Dataset records:
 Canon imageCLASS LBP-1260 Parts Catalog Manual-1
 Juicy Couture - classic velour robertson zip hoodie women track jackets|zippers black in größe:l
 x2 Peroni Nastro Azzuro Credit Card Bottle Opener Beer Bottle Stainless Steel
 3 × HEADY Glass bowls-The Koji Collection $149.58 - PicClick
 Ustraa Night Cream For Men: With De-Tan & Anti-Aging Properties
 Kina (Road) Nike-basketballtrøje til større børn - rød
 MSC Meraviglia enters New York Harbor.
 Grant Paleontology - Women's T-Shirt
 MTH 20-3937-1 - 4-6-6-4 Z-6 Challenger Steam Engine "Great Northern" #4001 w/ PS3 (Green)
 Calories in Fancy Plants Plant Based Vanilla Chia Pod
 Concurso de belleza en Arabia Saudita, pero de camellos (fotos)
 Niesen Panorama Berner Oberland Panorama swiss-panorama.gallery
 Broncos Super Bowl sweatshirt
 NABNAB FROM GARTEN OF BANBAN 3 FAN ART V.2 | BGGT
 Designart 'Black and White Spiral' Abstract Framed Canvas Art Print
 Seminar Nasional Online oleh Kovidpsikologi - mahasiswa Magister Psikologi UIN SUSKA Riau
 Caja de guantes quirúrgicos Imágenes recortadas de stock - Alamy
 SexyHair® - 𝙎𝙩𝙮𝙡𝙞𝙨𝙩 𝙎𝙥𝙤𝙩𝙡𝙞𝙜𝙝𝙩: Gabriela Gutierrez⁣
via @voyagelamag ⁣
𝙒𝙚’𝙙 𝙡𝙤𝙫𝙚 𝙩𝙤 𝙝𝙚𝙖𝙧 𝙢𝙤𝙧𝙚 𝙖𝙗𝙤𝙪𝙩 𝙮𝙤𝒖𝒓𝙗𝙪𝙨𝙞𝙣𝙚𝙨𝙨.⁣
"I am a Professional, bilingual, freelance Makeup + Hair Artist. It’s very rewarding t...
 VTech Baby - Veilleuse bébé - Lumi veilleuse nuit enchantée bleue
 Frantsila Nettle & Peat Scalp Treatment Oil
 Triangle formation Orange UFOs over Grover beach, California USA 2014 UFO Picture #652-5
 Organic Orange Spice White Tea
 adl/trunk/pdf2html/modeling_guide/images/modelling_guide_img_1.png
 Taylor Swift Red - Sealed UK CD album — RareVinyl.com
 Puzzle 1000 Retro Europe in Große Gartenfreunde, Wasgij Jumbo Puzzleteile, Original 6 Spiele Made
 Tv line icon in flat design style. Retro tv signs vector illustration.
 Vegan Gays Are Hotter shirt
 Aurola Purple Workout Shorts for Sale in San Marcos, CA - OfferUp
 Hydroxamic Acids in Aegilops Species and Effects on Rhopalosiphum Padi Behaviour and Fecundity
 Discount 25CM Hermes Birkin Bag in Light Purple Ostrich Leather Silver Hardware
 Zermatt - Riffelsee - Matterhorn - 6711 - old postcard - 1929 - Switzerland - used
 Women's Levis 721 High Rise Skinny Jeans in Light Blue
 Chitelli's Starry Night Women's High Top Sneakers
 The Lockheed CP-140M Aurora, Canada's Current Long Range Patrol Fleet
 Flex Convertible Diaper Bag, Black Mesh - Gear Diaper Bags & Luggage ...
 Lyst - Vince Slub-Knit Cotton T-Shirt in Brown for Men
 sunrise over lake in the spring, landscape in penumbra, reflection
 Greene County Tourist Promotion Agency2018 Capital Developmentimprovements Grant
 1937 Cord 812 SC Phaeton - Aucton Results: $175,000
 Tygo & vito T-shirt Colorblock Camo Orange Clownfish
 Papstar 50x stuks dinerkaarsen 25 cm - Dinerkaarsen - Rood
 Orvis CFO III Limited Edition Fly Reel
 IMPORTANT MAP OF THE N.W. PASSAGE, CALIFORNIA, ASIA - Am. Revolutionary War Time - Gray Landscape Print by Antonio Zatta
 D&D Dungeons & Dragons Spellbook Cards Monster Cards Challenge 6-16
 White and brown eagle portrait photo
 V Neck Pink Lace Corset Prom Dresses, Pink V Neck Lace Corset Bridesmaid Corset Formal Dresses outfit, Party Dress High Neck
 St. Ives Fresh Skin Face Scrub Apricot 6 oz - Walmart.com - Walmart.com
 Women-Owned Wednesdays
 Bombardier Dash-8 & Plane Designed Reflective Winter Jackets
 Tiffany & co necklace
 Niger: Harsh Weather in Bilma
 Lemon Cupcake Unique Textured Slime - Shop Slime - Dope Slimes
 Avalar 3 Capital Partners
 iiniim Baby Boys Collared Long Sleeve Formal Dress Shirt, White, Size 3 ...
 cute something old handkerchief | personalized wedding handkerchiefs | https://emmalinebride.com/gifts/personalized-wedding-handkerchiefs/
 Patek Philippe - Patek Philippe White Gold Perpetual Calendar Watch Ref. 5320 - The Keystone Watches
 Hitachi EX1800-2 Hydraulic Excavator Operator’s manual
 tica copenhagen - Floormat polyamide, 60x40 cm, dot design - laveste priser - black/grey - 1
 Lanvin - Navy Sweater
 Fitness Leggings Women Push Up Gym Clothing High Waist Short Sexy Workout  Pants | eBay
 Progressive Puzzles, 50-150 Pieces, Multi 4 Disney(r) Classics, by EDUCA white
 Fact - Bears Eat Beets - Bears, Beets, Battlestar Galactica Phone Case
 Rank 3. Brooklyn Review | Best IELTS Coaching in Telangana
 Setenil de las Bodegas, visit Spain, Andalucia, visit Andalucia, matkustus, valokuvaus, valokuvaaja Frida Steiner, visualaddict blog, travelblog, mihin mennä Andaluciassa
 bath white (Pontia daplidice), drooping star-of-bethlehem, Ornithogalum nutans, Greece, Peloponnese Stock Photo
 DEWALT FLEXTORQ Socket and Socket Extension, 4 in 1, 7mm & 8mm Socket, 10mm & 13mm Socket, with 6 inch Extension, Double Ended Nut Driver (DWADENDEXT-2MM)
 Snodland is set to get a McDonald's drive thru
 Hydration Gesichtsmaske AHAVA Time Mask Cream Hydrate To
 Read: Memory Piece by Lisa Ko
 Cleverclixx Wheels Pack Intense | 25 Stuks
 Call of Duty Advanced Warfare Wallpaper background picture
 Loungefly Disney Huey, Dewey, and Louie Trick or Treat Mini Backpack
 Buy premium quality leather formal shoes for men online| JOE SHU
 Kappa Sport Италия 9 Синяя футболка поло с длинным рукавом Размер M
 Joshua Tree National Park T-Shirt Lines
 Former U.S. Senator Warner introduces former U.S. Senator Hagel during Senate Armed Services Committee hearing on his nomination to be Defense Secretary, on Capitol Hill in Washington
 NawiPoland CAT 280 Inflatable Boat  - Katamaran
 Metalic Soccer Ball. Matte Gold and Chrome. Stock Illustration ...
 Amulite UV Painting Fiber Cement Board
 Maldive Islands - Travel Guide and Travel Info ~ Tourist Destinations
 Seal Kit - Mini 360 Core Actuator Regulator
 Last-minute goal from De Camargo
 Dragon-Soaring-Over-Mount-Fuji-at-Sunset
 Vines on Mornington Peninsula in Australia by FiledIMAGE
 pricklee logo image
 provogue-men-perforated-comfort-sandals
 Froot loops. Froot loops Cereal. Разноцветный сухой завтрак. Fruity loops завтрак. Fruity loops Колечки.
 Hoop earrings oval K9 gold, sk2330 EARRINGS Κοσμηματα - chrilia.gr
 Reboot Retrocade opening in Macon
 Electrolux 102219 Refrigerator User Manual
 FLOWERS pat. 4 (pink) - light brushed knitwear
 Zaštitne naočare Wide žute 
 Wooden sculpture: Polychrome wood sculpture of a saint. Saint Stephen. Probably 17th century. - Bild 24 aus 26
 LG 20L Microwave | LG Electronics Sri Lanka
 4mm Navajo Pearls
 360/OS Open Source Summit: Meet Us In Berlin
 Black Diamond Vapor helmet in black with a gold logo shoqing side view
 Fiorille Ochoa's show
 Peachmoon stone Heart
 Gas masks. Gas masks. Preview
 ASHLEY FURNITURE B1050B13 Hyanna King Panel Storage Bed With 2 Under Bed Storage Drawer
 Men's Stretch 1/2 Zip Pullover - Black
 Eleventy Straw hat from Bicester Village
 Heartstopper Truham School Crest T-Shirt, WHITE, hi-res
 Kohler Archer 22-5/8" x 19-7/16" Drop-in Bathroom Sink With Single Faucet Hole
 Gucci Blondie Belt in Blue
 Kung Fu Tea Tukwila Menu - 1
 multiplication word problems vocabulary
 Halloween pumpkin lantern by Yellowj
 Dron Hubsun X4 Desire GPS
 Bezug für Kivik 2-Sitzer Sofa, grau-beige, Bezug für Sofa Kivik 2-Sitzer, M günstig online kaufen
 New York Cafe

About this exercise:
Scan the listing above. Gather each line that contains the word "Baby".

Answer for the task:
 VTech Baby - Veilleuse bébé - Lumi veilleuse nuit enchantée bleue
 iiniim Baby Boys Collared Long Sleeve Formal Dress Shirt, White, Size 3 ...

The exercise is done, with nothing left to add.